Identifies a sparse set of FFN neurons whose CETT activations predict hallucination
Validates them causally via activation scaling
Provides production-ready hallucination risk scoring (detect() / detect_batch())
Calibrates decision thresholds automatically using Youden's J statistic

Install

pip install hprobes
# or
uv add hprobes

Basic Usage

from transformers import AutoModelForCausalLM, AutoTokenizer
from hprobes import HProbes

model = AutoModelForCausalLM.from_pretrained("google/gemma-3-4b-it", torch_dtype="auto", device_map="auto")
tokenizer = AutoTokenizer.from_pretrained("google/gemma-3-4b-it")

probe = HProbes(model, tokenizer)
probe.fit(samples, options_key="choices", answer_key="answer")

results = probe.score()
print(f"AUROC {results['auroc']:.3f}  threshold {results['threshold']:.3f}")

# Production scoring — no ground truth needed
risk = probe.detect("Which organ is most affected?

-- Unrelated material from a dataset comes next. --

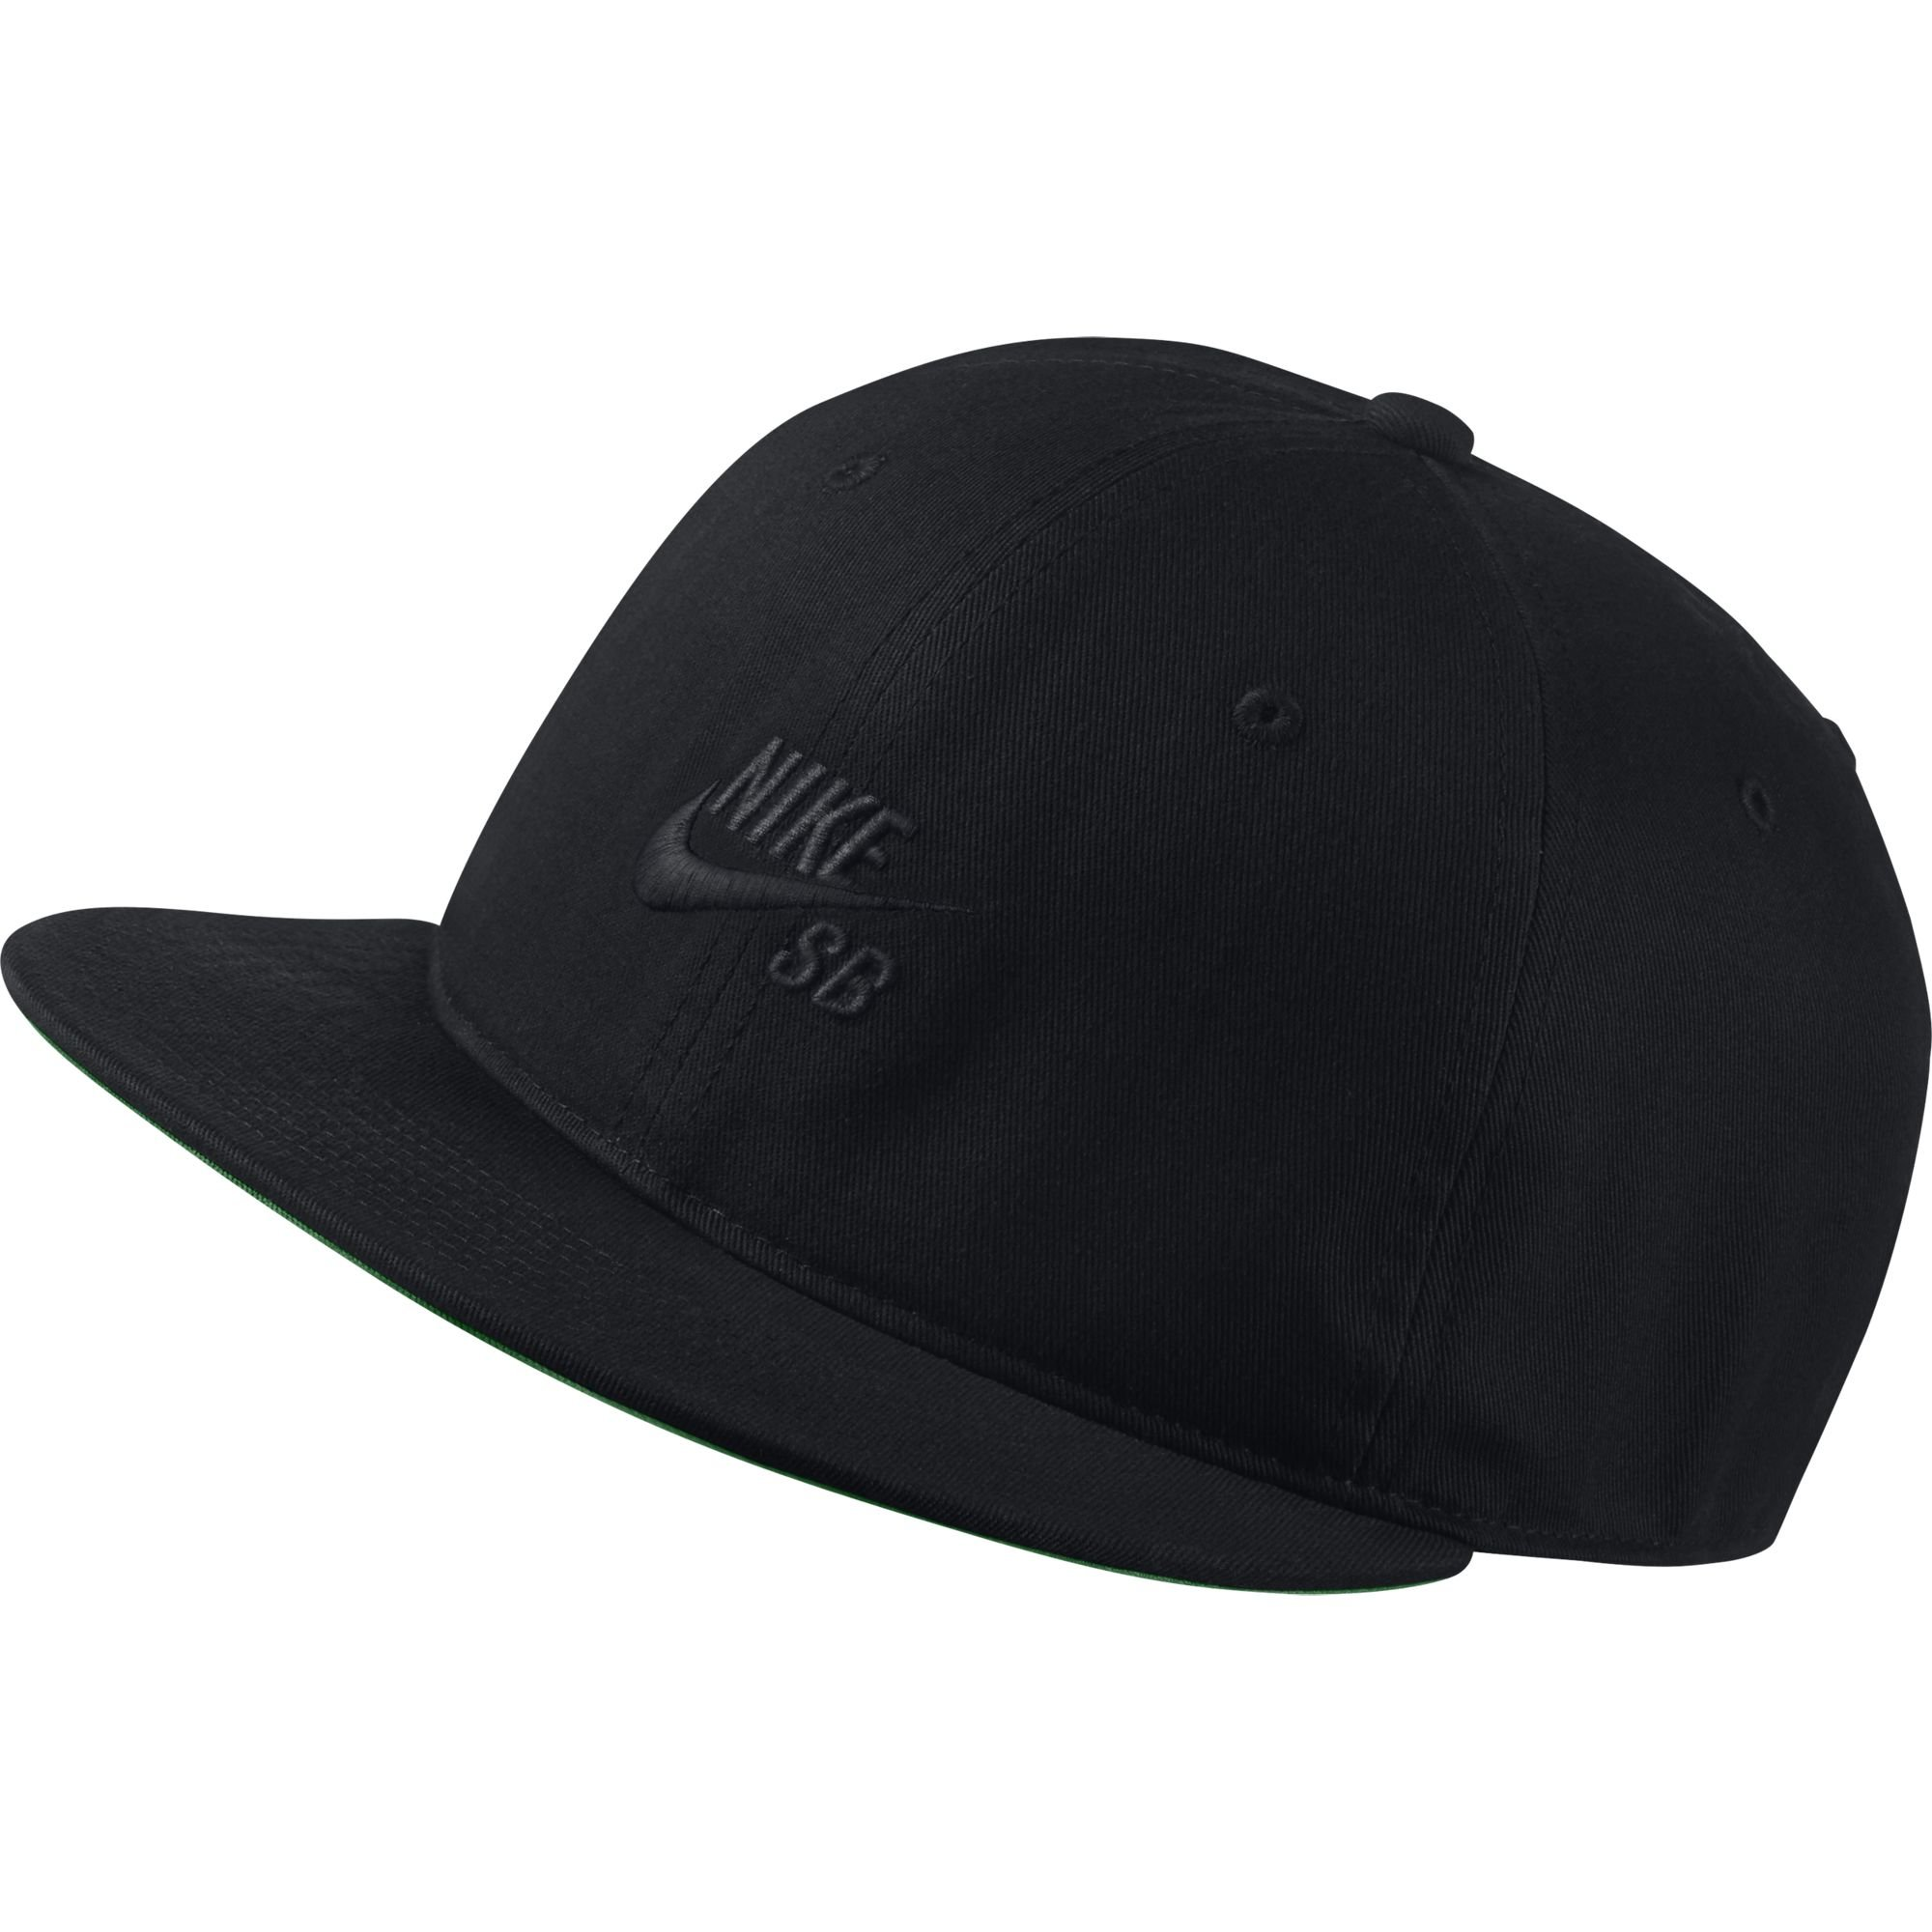 dc1f7b47fd6 Galleon - Nike SB Pro Vintage Snapback Hat (Black Pine Green Black Black)
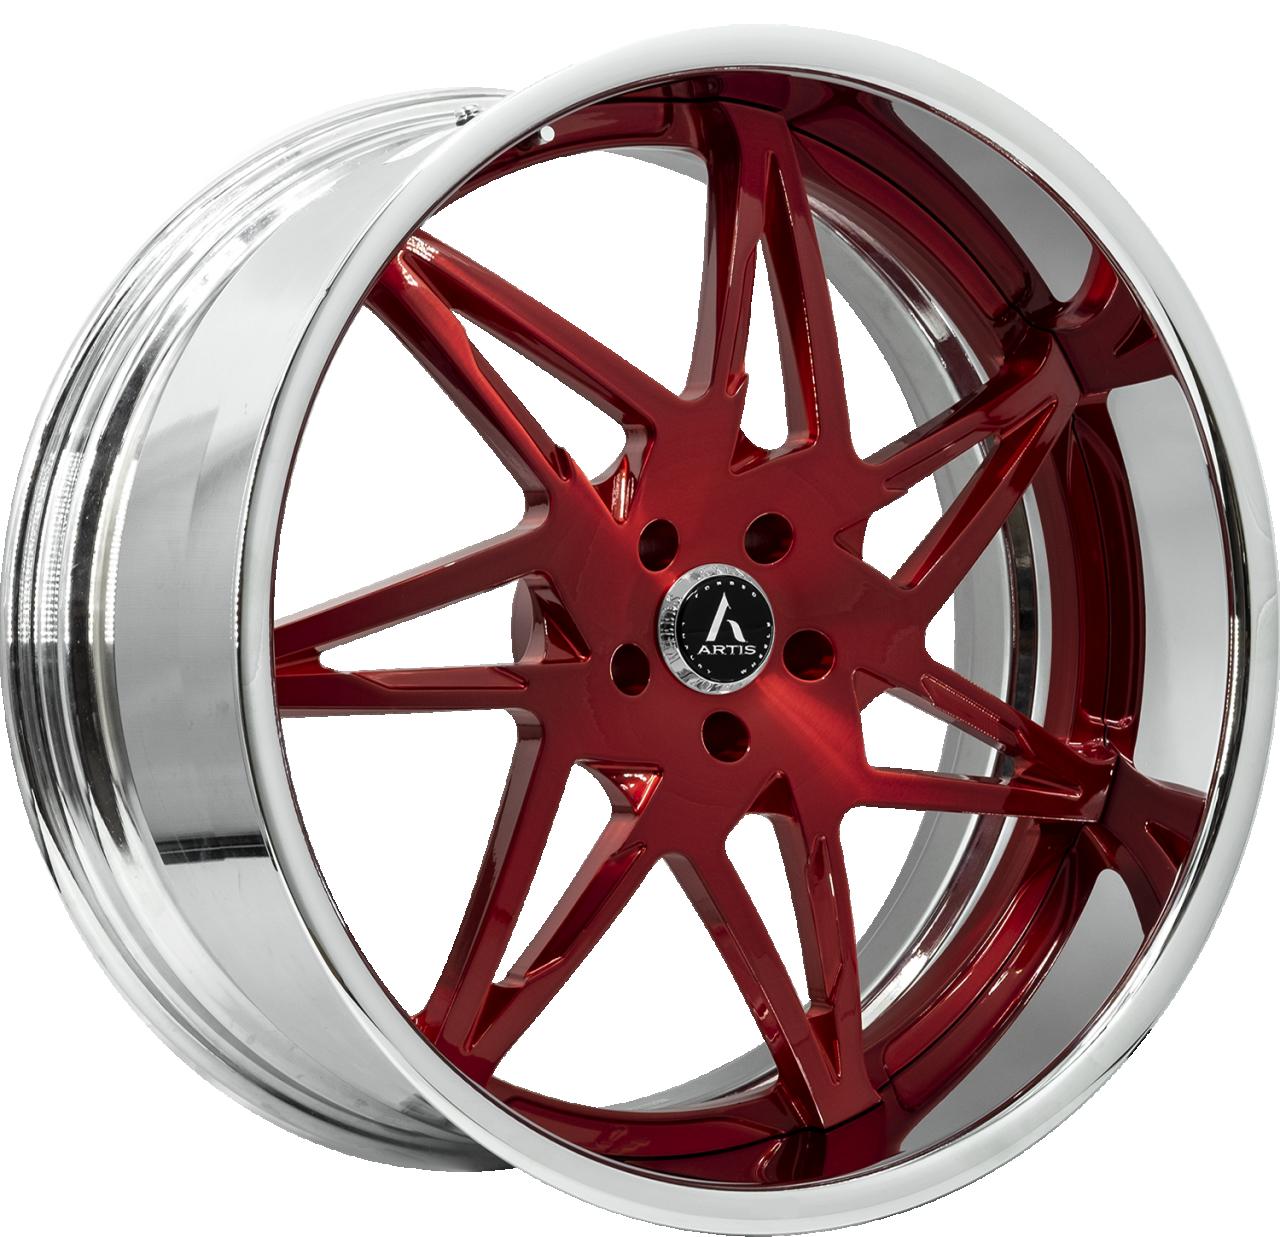 Artis Forged Nirvana wheel with Custom finish

A) Heart B) Lung C) Liver D) Kidney\n\nAnswer:")

Pipeline Overview

Step	Method	What It Does
Discover	`fit()`	Extract CETT features, train L1 logistic regression, select H-Neurons
Evaluate	`score()`	AUROC on held-out validation split + random neuron baseline
Validate	`causal_validate()`	Scale H-Neuron activations to confirm causal role
Detect	`detect()` / `detect_batch()`	Production hallucination risk scoring (no labels needed)
Transfer	`score_on()`	Score a saved probe on a different model or dataset

CLI

hprobes run --model google/gemma-3-4b-it --data dataset.jsonl --samples 500
hprobes transfer --probe results/probe --model google/gemma-3-4b --data dataset.jsonl
hprobes responses --model google/gemma-3-4b-it --data responses.jsonl

Key Parameters

Parameter	Default	Description
`l1_C`	`0.01`	Inverse L1 strength — lower = fewer neurons
`contrastive`	`True`	3-vs-1 labeling at the generated answer token
`layer_stride`	`1`	Sample every Nth layer (2 = faster)
`batch_size`	`1`	GPU batch size for CETT extraction
`n_consistency`	`1`	Consistency filter draws (1 = disabled)

License

MIT